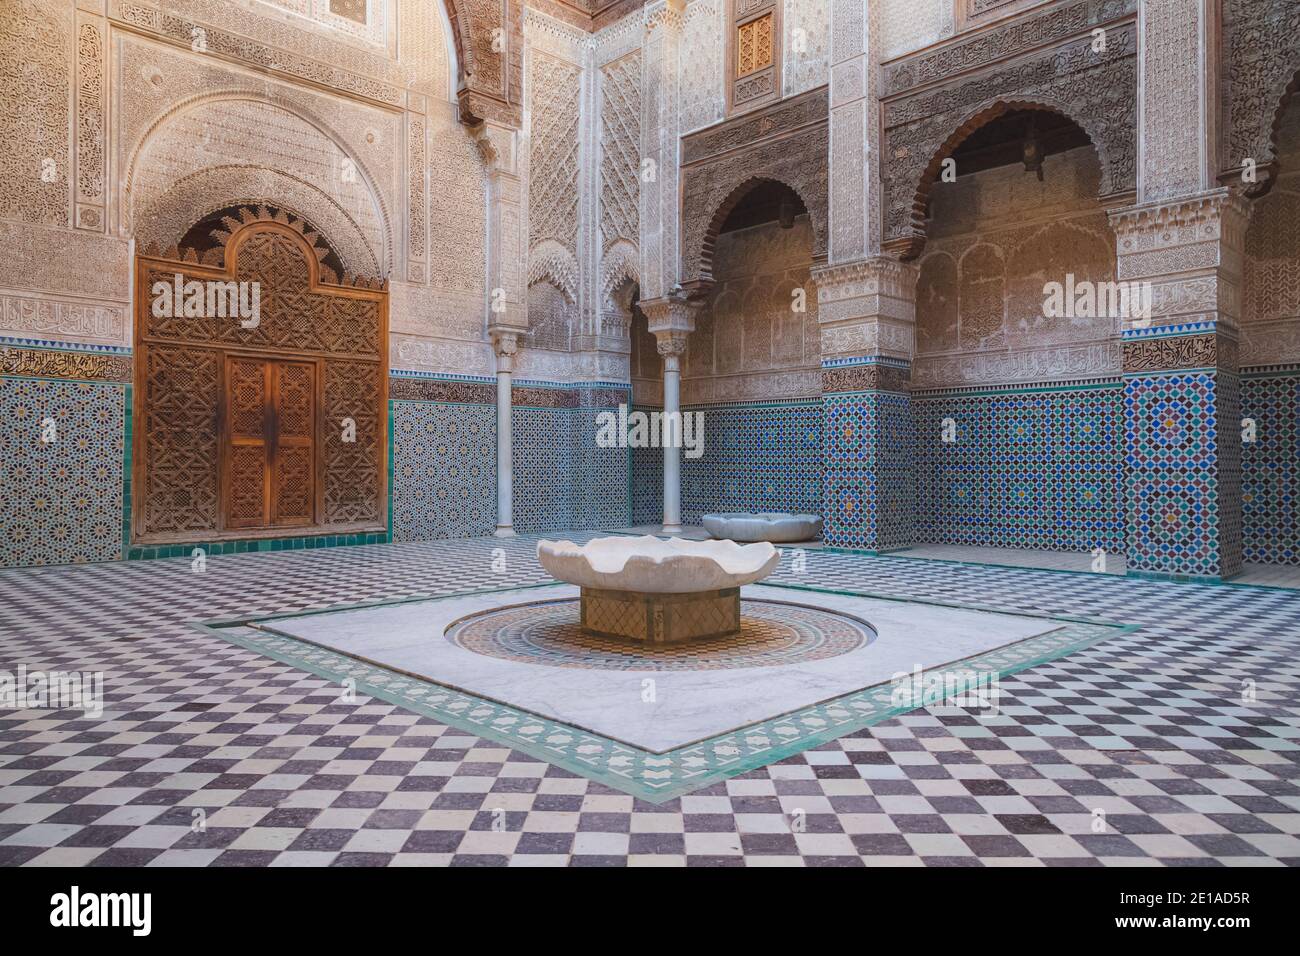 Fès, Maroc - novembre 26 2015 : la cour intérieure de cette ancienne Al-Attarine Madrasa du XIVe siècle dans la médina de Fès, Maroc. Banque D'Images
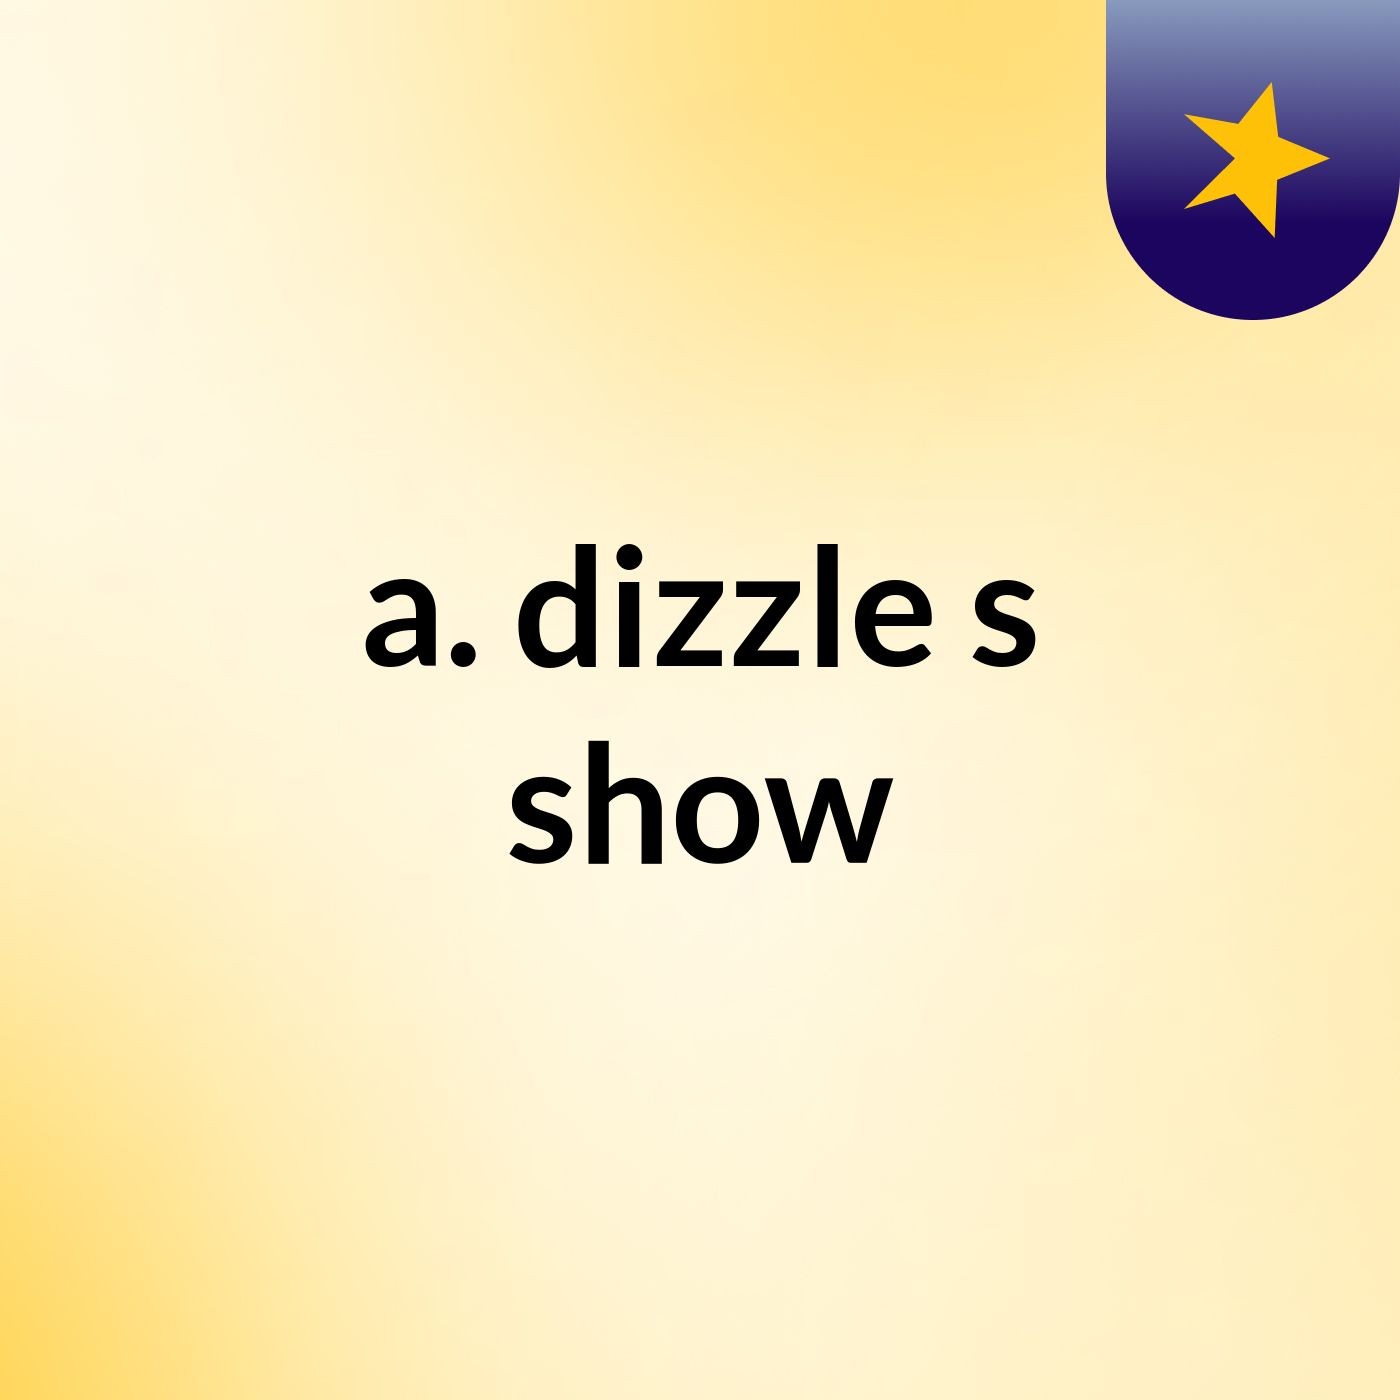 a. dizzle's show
==
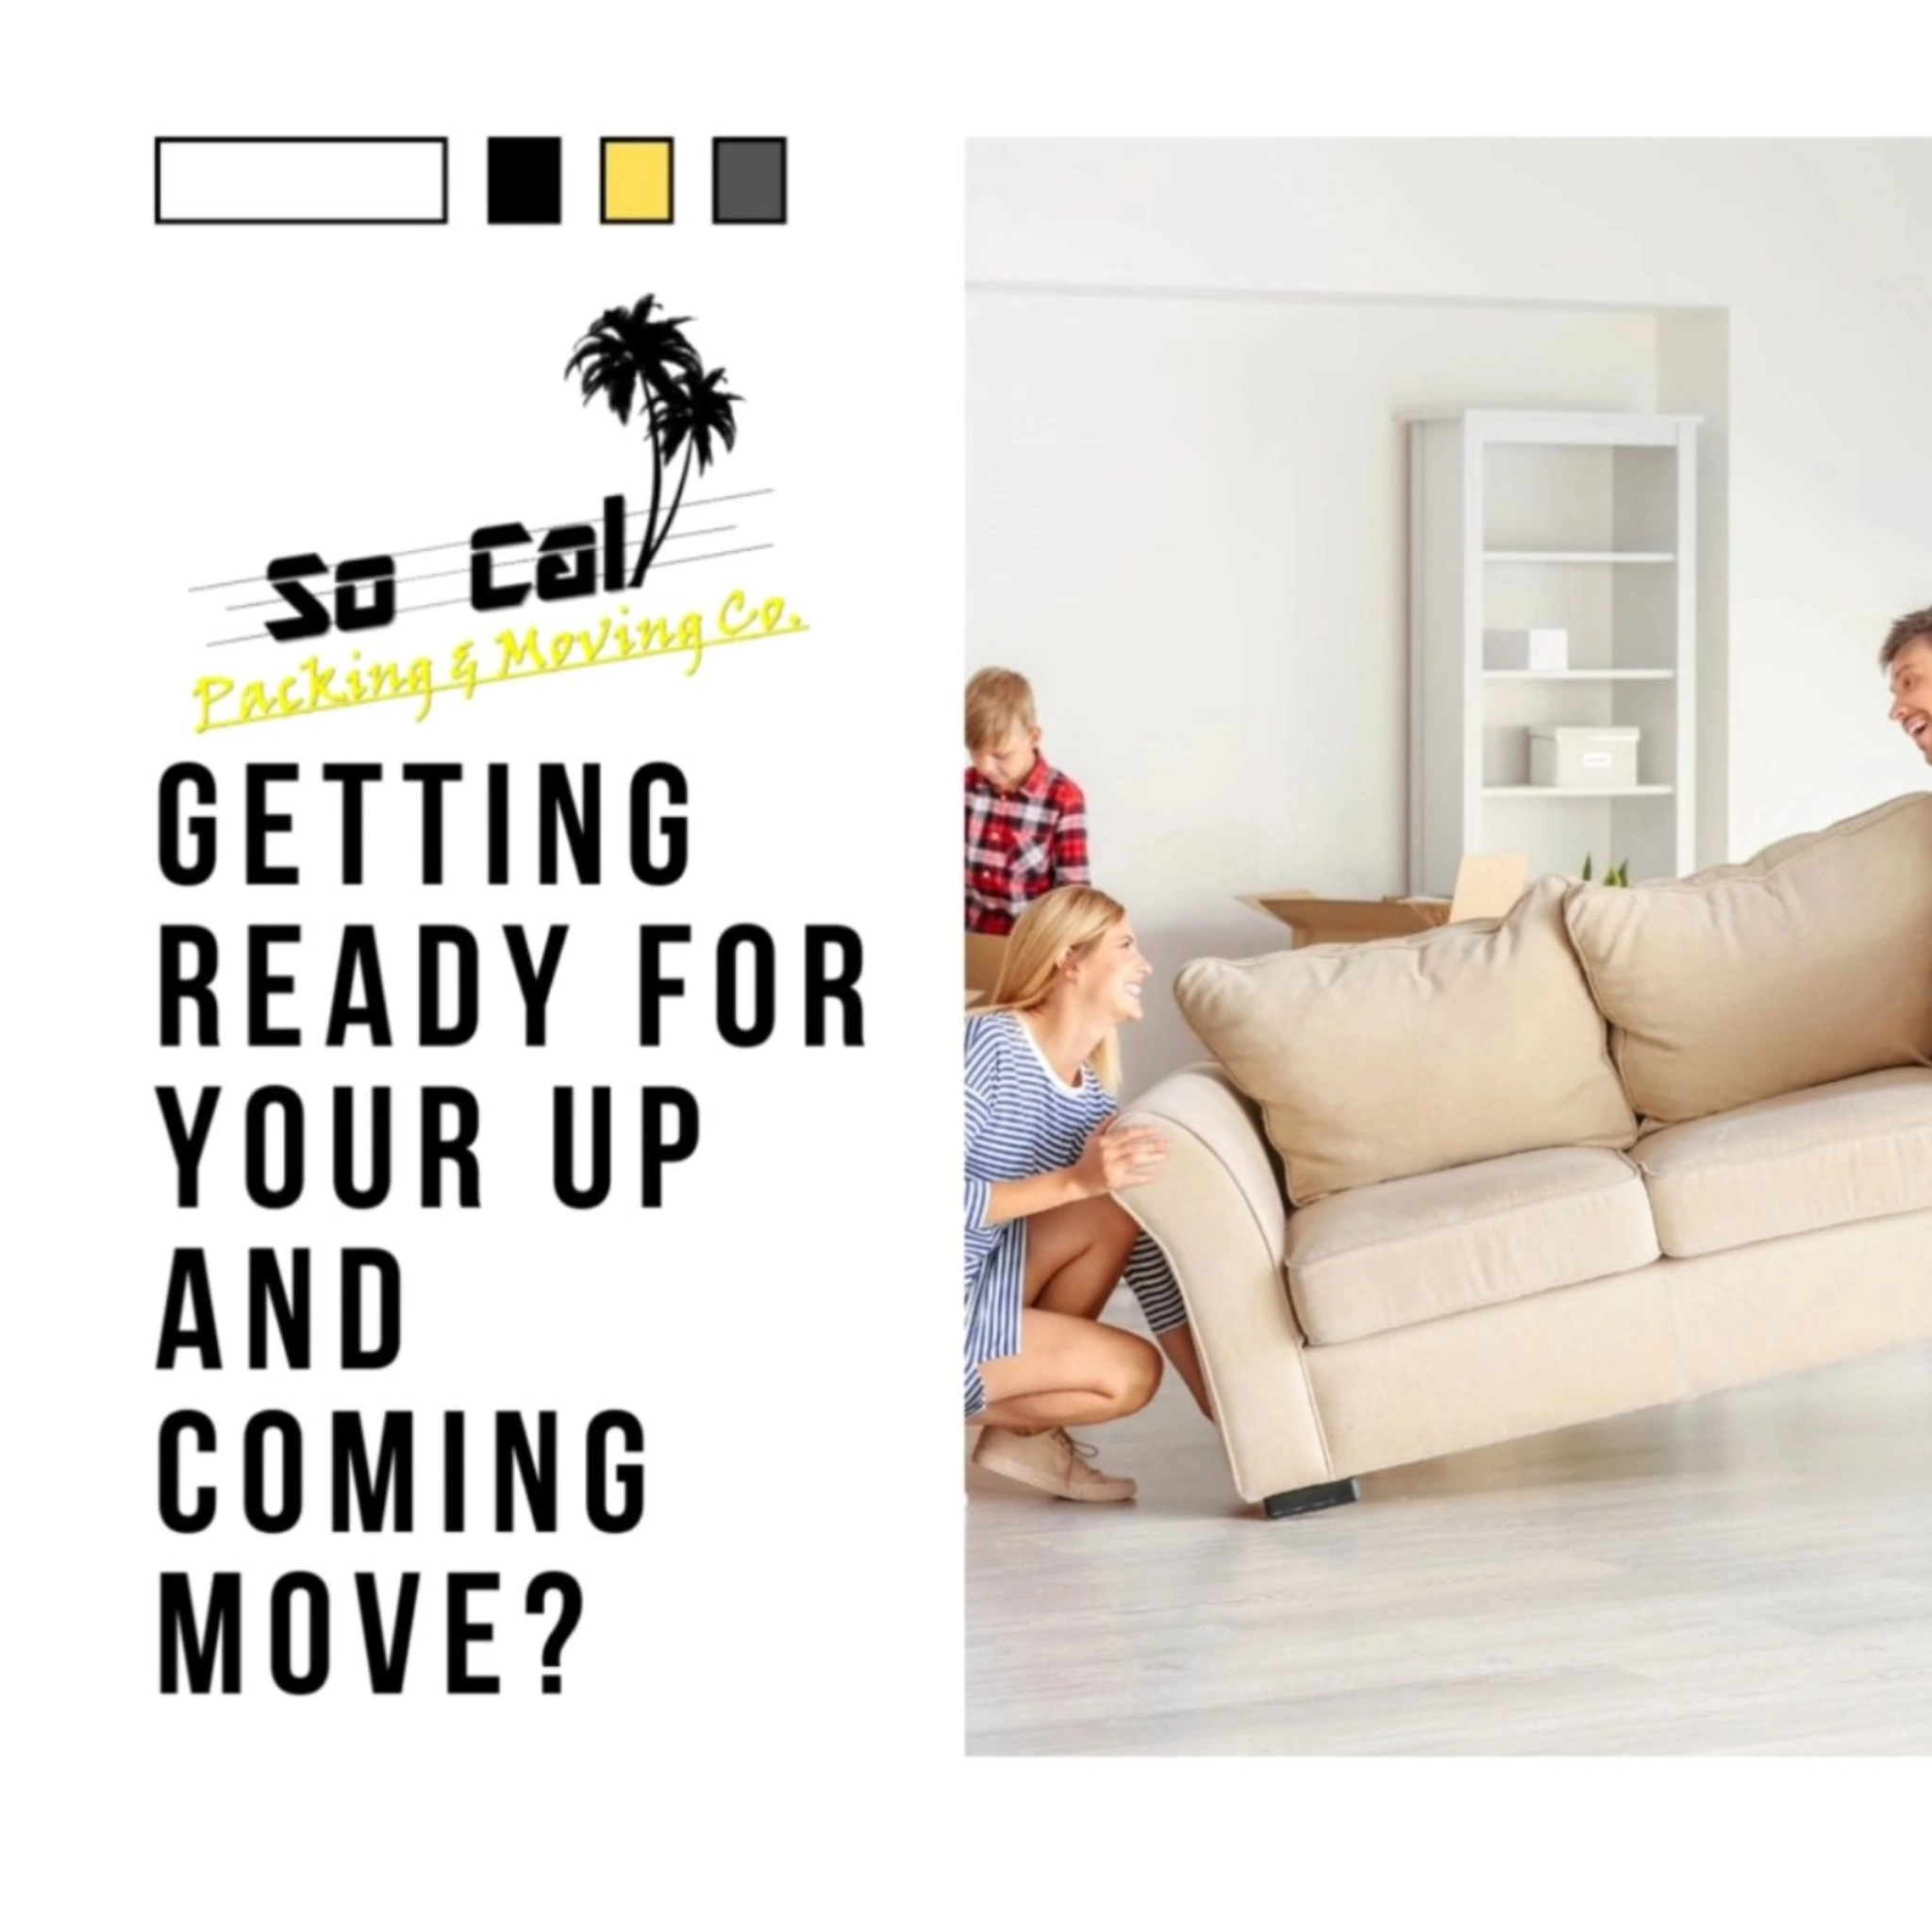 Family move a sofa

**AIM OF THE TASK**
Pictures in the material above should be skipped; print exactly the lines from the one with "Fès, Maroc - novembre" through the one with "a. dizzle's show".

**EXERCISE RESPONSE**
 Fès, Maroc - novembre 26 2015 : la cour intérieure de cette ancienne Al-Attarine Madrasa du XIVe siècle dans la médina de Fès, Maroc. Banque D'Images
 a. dizzle's show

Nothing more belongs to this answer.